**Task objective:** Output the full listing below exactly, without the pictures.

**Data shown:**
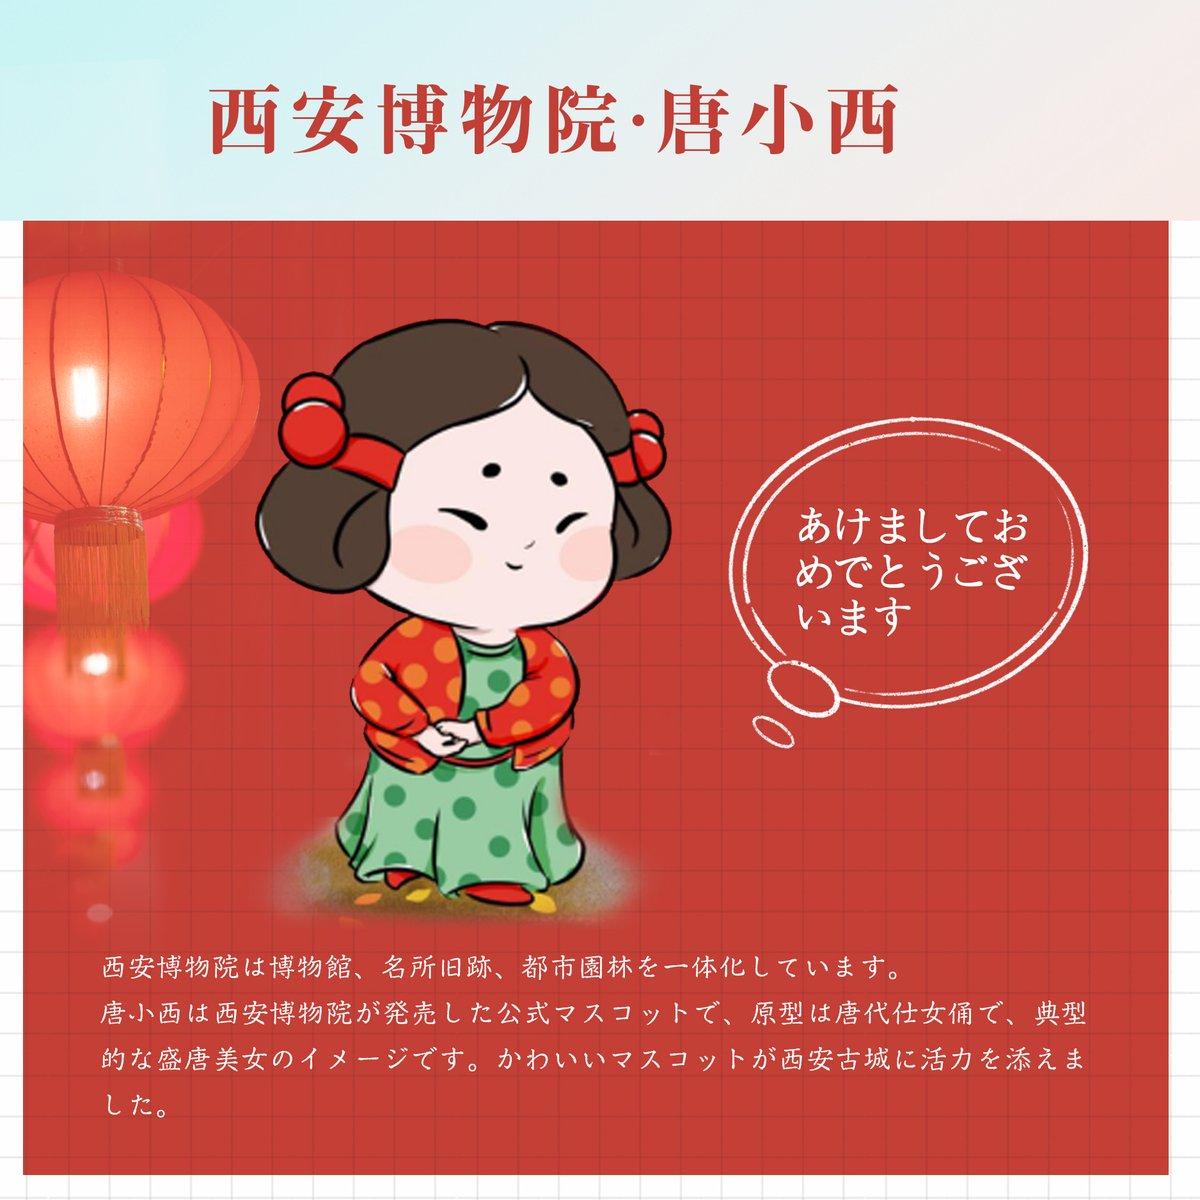 """陝西に行こう på Twitter: """"#ようこそ_陝西省へ 陝西省のマスコット ..."""
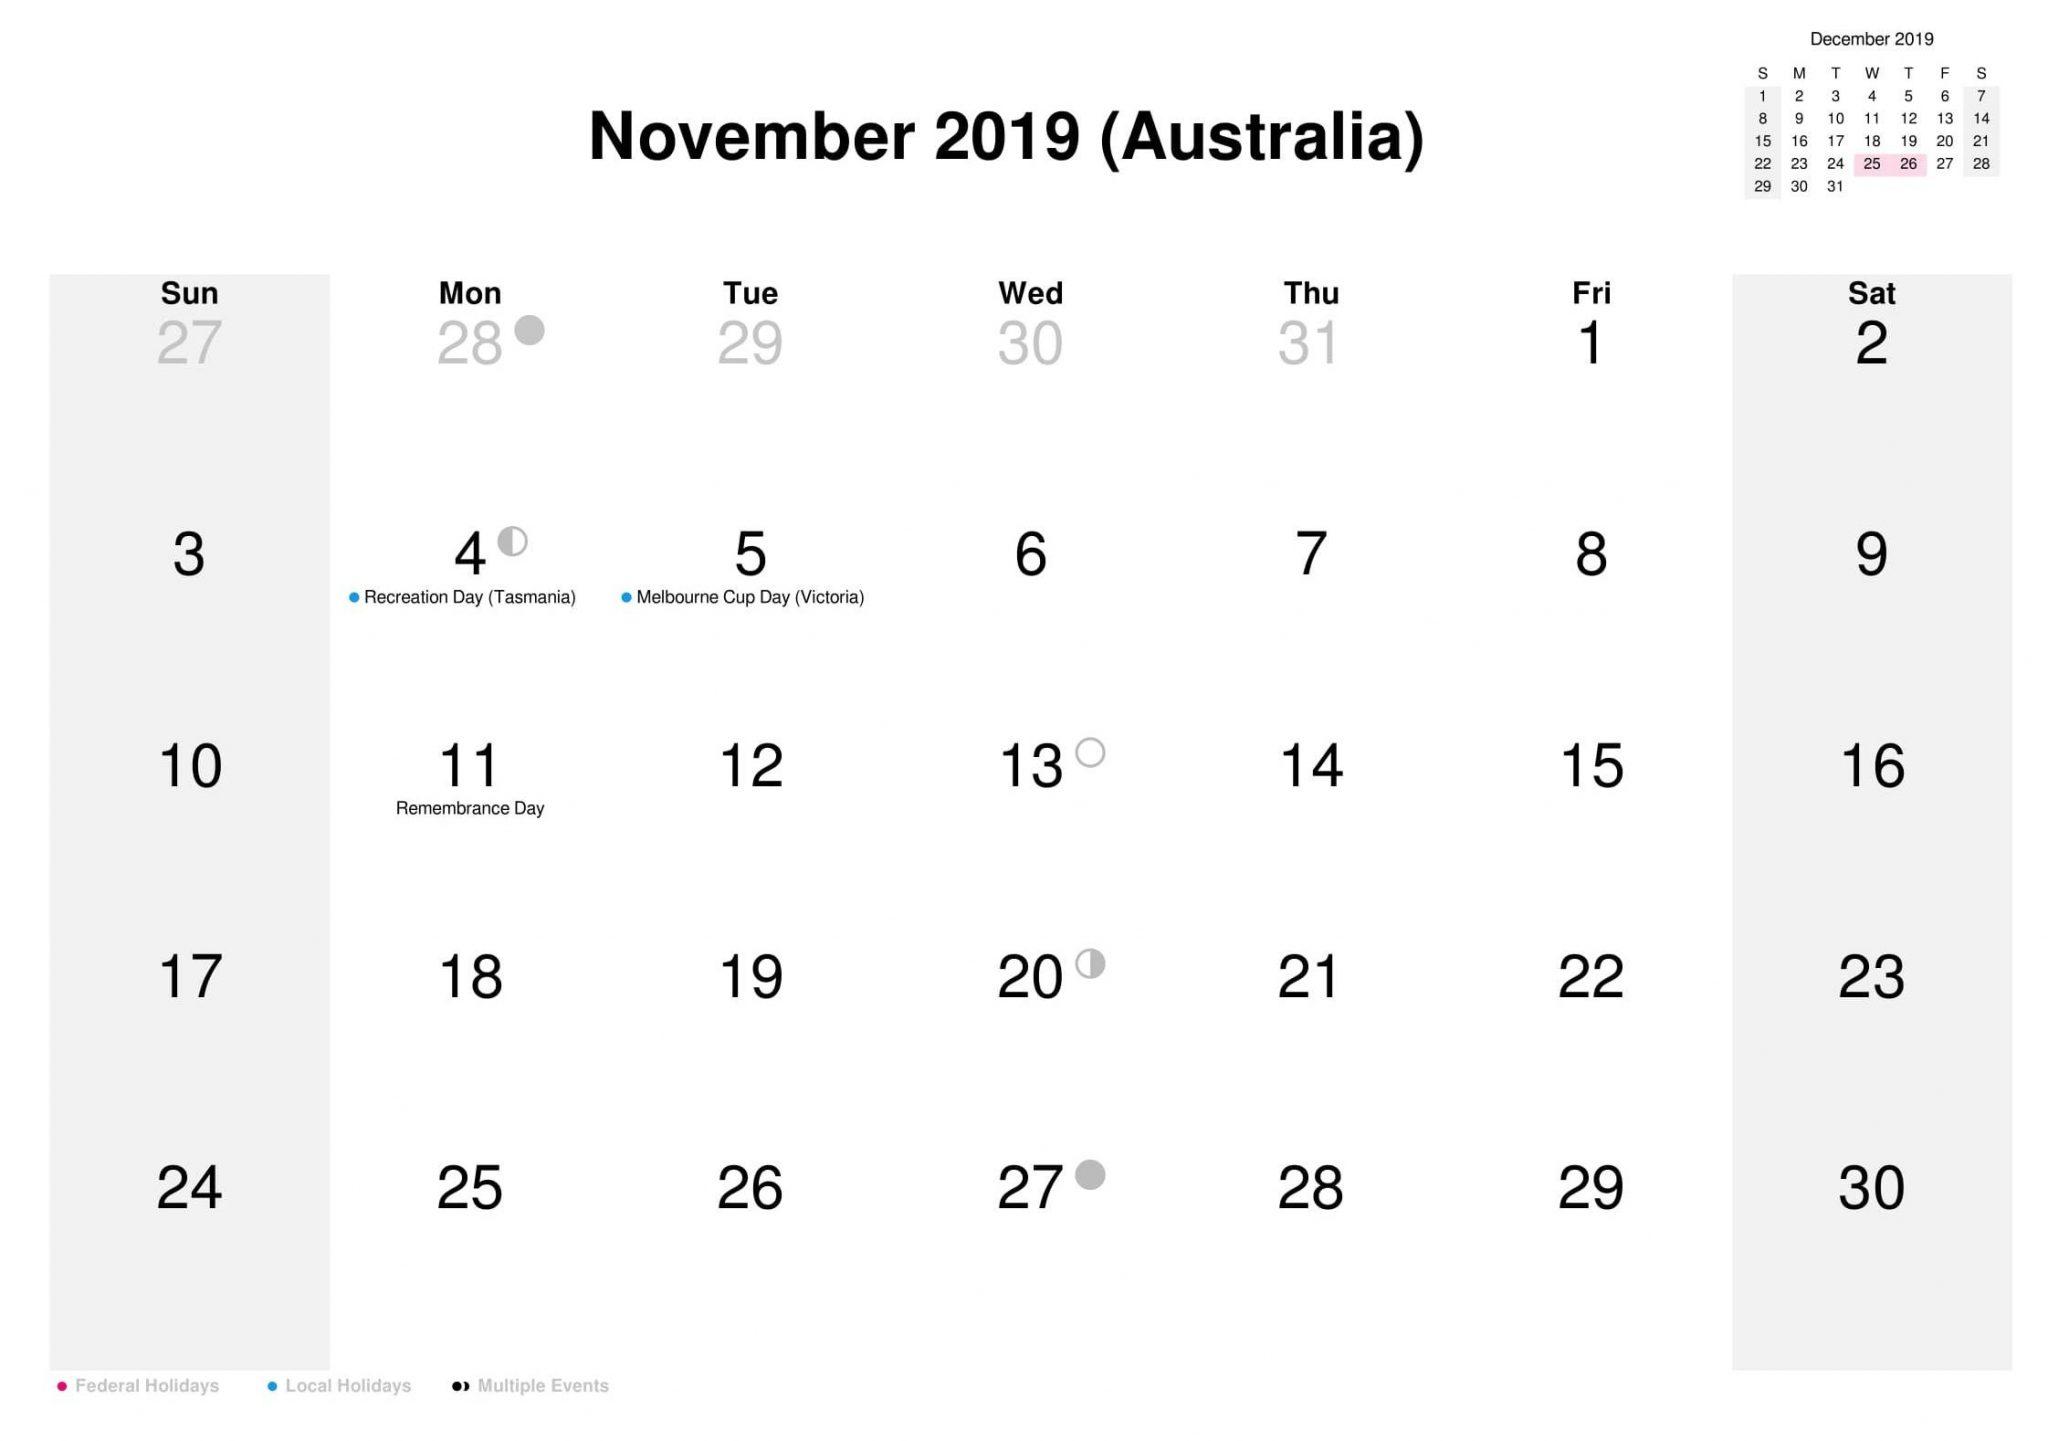 November 2019 Australia Holidays Calendar
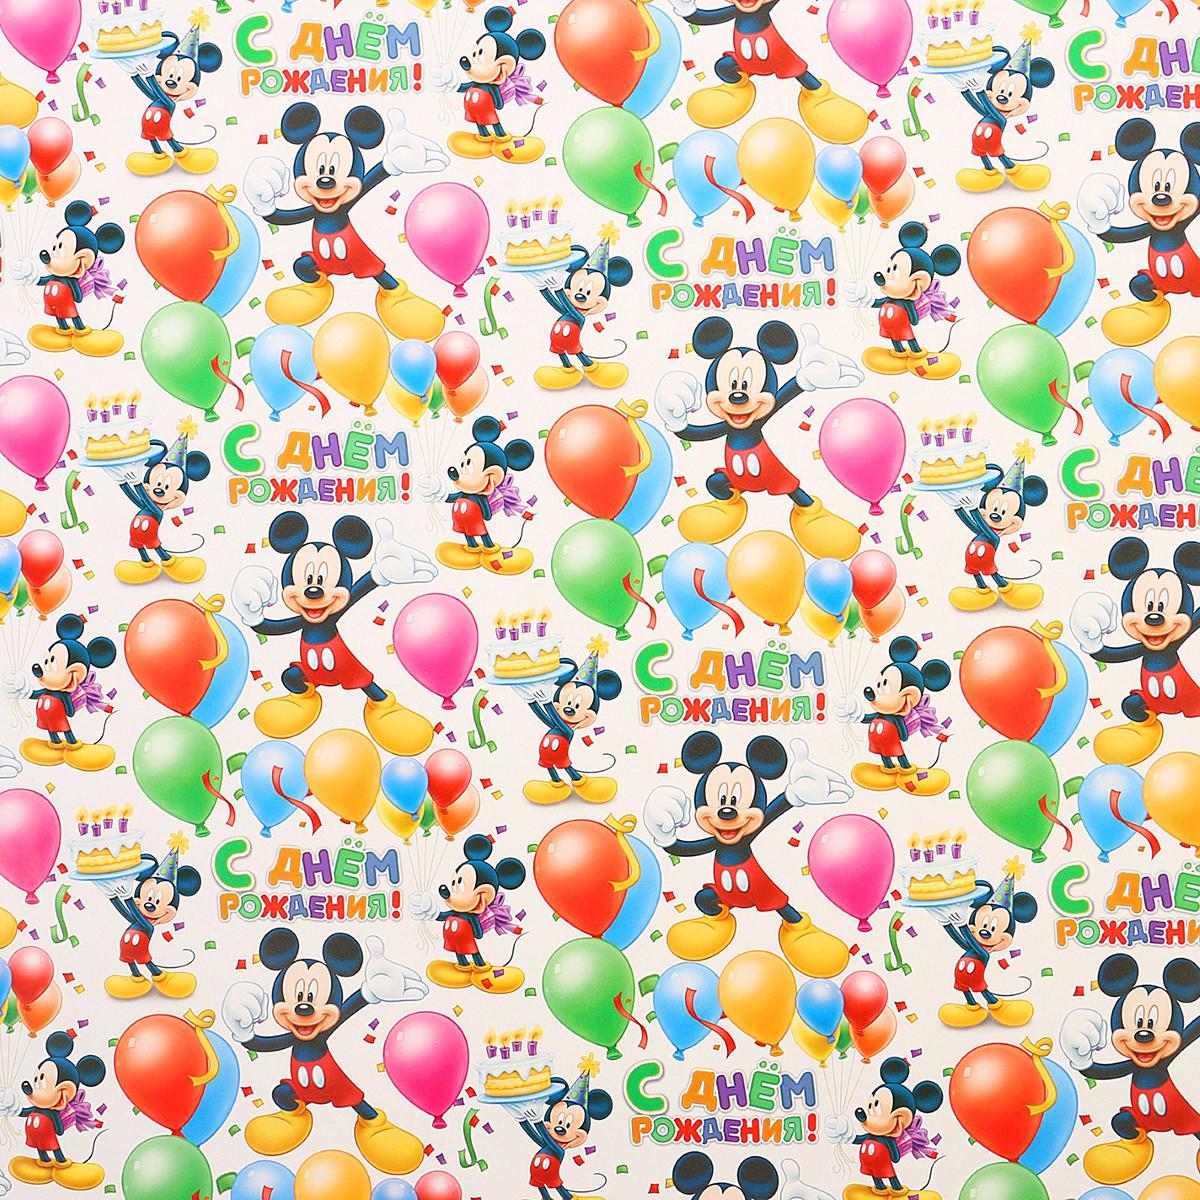 Удивительный мир Disney теперь совсем близко! Любимые герои и сюжеты превращают любое изделие в современное произведение искусства с голливудским характером. Подарочная глянцевая бумага отличается высоким качеством печати и плотностью материала, что делает её удобной в вопросе оформления подарков. Такая упаковка всегда будет актуальна, ведь мультфильмы Disney, как вино, с годами становятся только лучше.
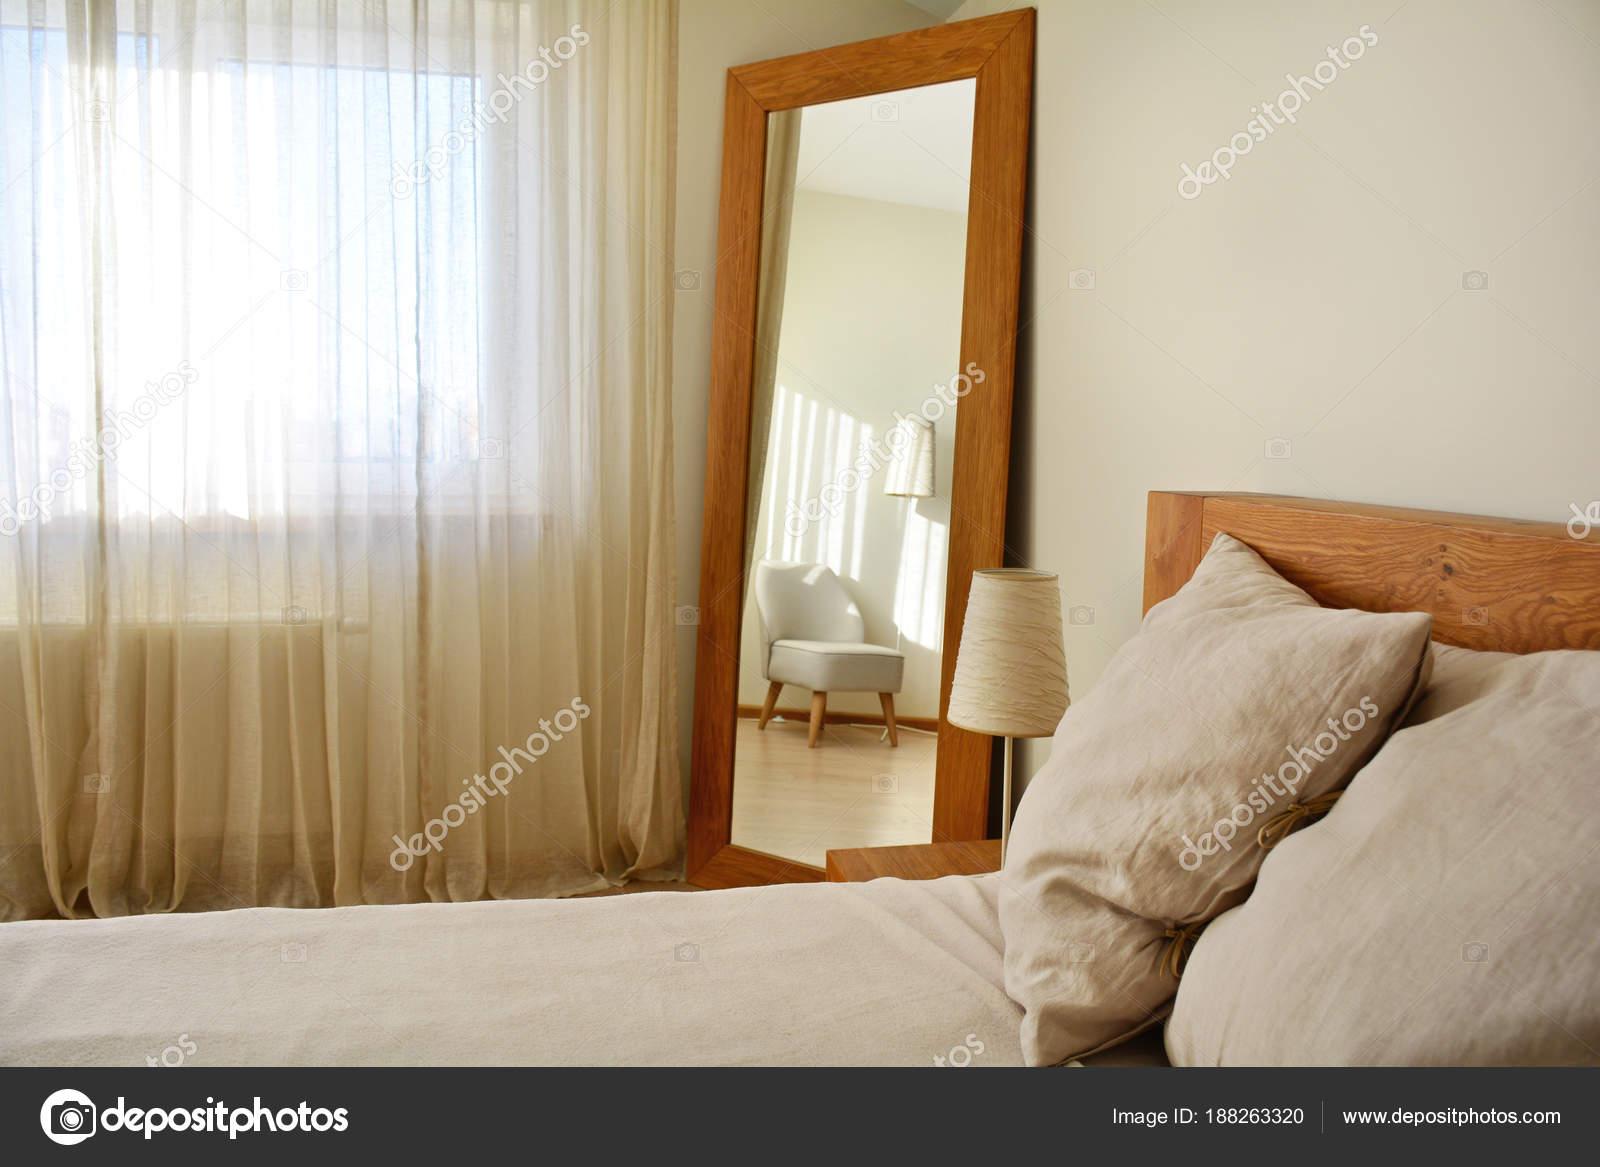 moderne slaapkamer interieur met natuurlijke eiken houten meubelen stockfoto

**Problem solution:**
 """陝西に行こう på Twitter: """"#ようこそ_陝西省へ 陝西省のマスコット ..."""
 November 2019 Australia Holidays Calendar
 Удивительный мир Disney теперь совсем близко! Любимые герои и сюжеты превращают любое изделие в современное произведение искусства с голливудским характером. Подарочная глянцевая бумага отличается высоким качеством печати и плотностью материала, что делает её удобной в вопросе оформления подарков. Такая упаковка всегда будет актуальна, ведь мультфильмы Disney, как вино, с годами становятся только лучше.
 moderne slaapkamer interieur met natuurlijke eiken houten meubelen stockfoto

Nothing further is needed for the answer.